Living and traveling in Europe required a great deal of spontaneity, flexibility and positivity. The train to Florence is delayed four hours? No big deal. Google Translating an entire doctor's visit? Sure. Walking around a foreign city for three hours lost with no sense of direction? Bring it on.
Every day presented its new challenges, but rather than analyzing and ruminating, I took on each obstacle with a shrug of the shoulders and a sense of humor. I learned early on in my semester abroad that it was sink or swim. Had I let it, my anxiety would have made me sink.
Man, did I swim. I swam to 10 different countries and 23 different cities, to be exact.
I don't remember a time in my life that I was as blissfully happy as I was for those four life-changing months. Living abroad taught me that life presents unexpected challenges every single day, and the way you approach those challenges makes all of the difference.
Do I still have anxiety? Of course. The difference, now, is that I let life happen on its own. Rather than focusing on the danger in life's ups and downs, I take them as they come with the best attitude that I can.
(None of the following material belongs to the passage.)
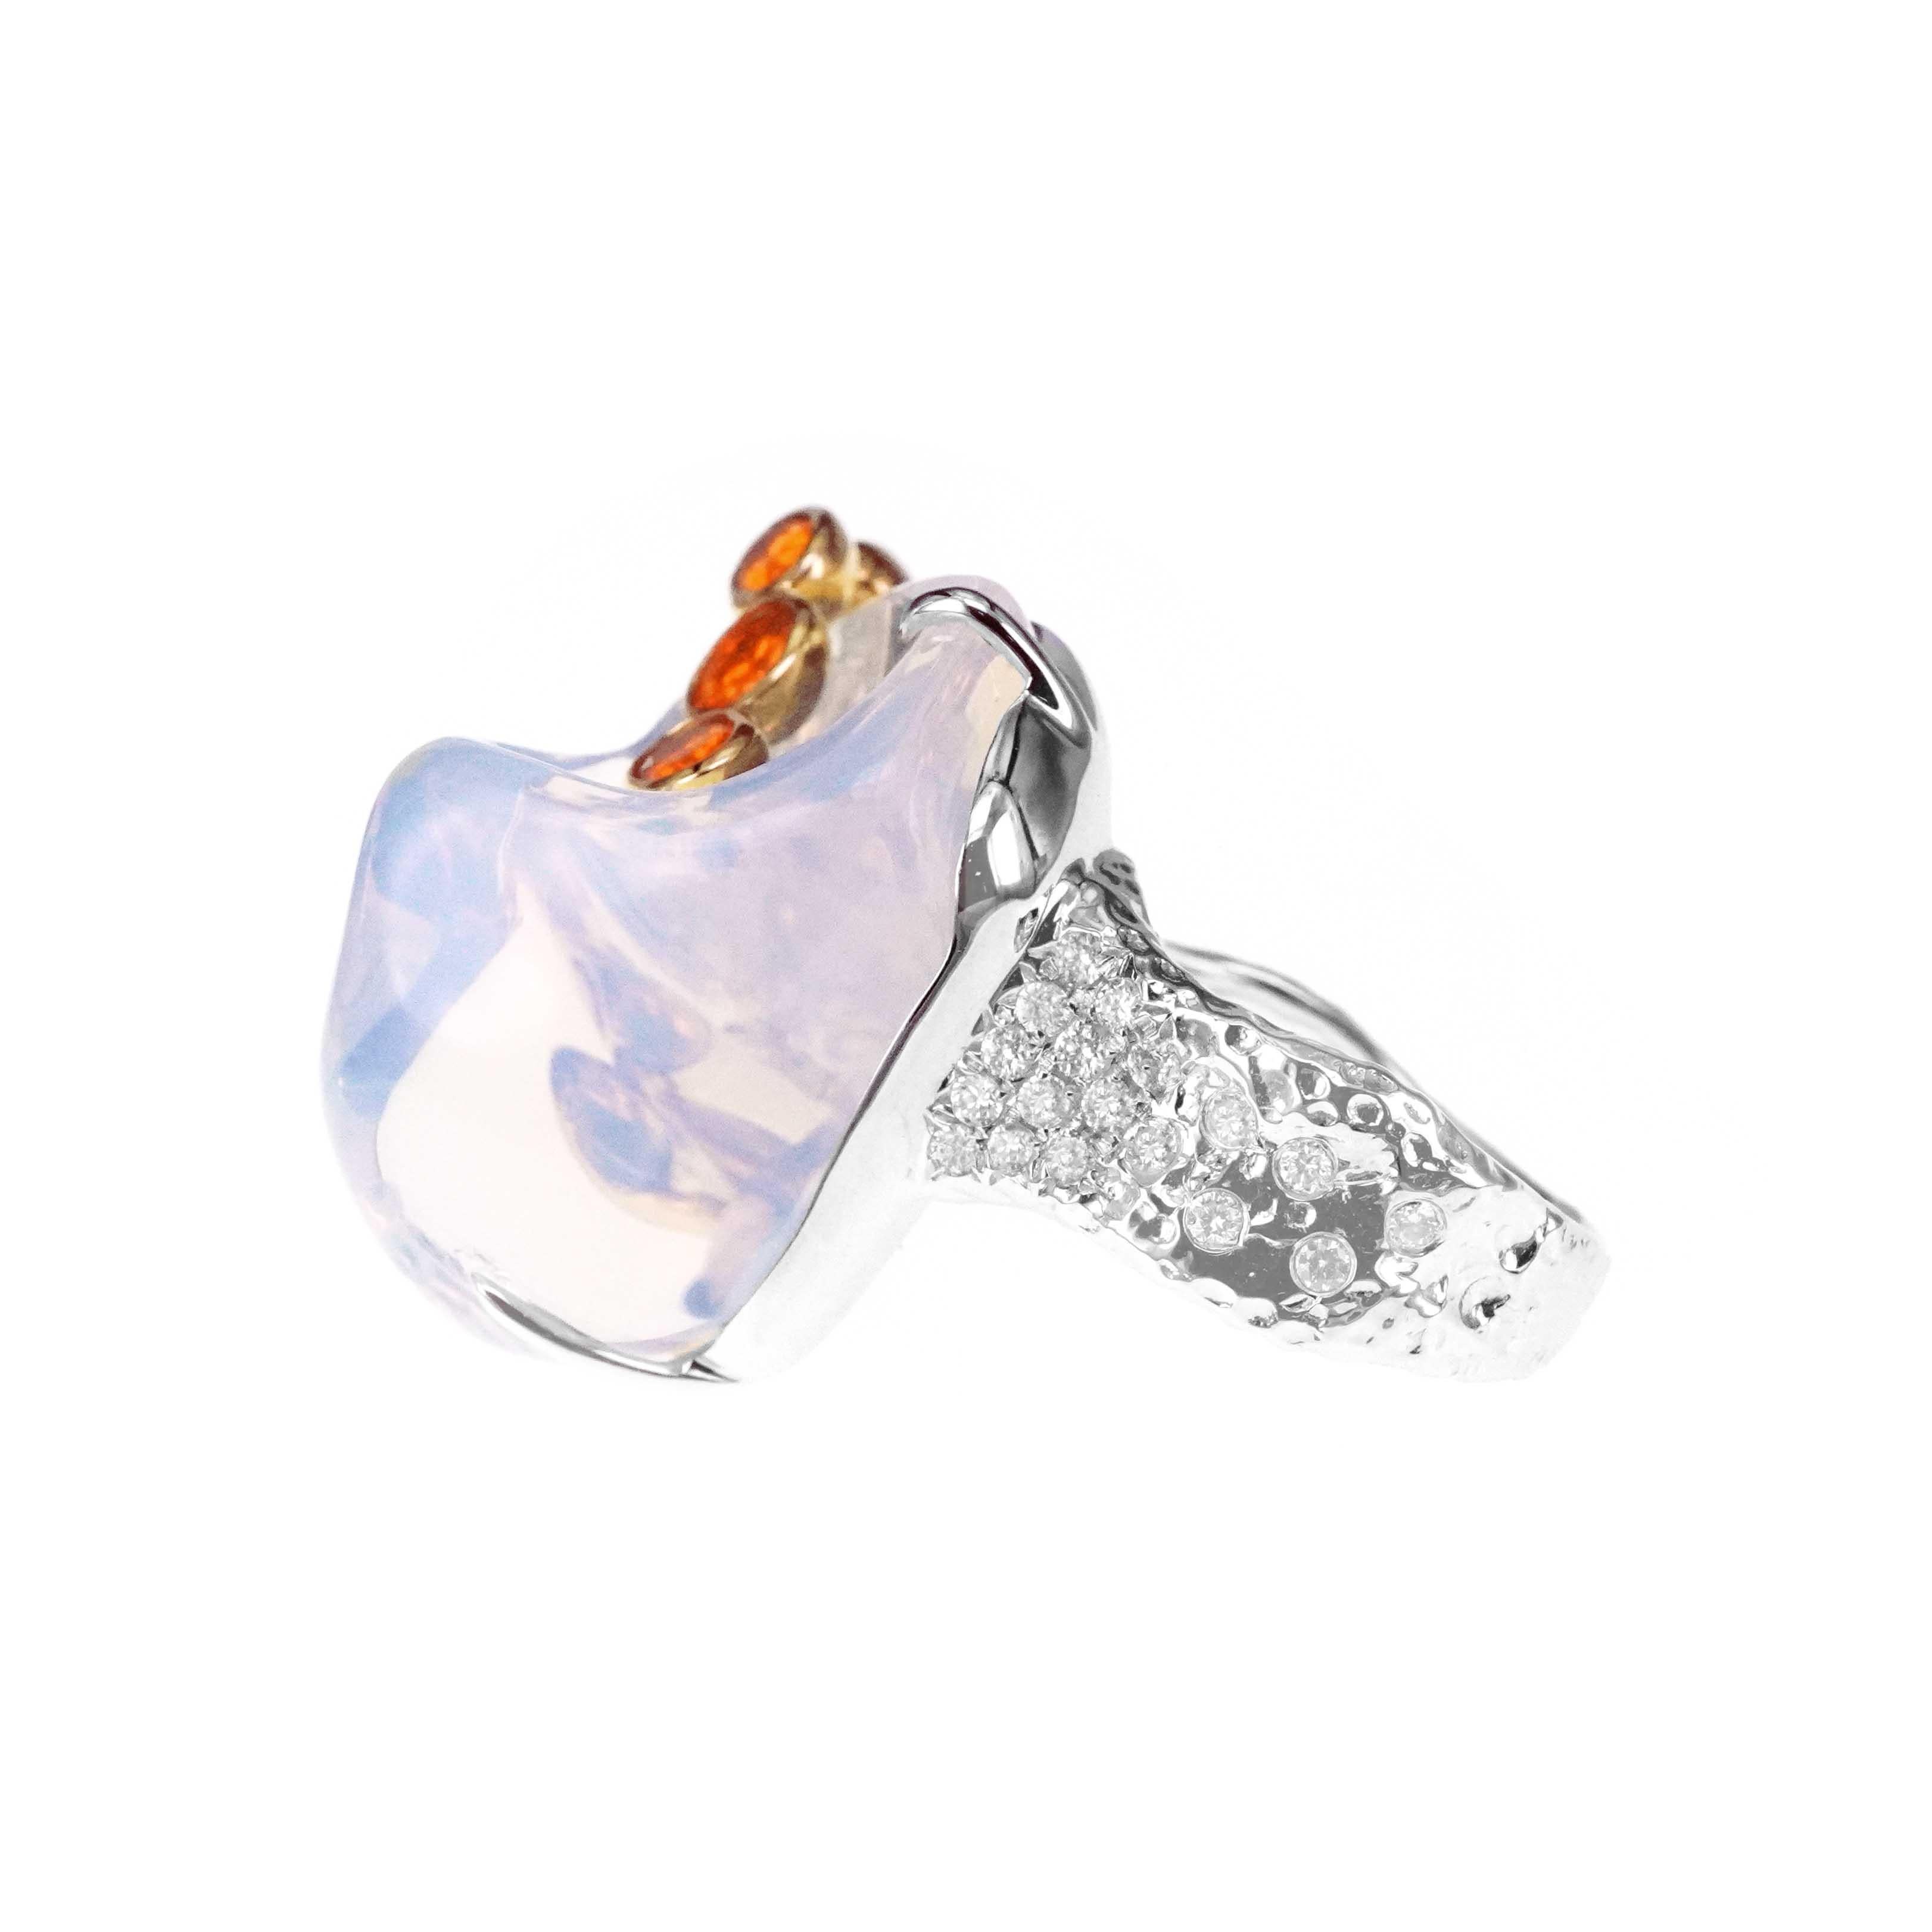 Sugarloaf Cabochon 40.44 Carat Mexican Opal Gigantic One of a Kind Ring For Sale

For the days that a positive mindset is just not in the cards for me, I am lucky enough to have friends who know how to divert my attention from WebMD. I have family who will talk me down from any irrational worries.
To those who wake up in the morning most days with worried feeling in the pit of your stomach, I understand you. Having lived those days myself, I can relate to feeling like it's you against your anxiety.
I challenge you to wake up tomorrow ready to take on the day. Spend one day embracing the unpredictable nature of this interesting, intimidating and always exciting life. An unfamiliar calmness might just tap you on the shoulder and ask for a few hours of your time.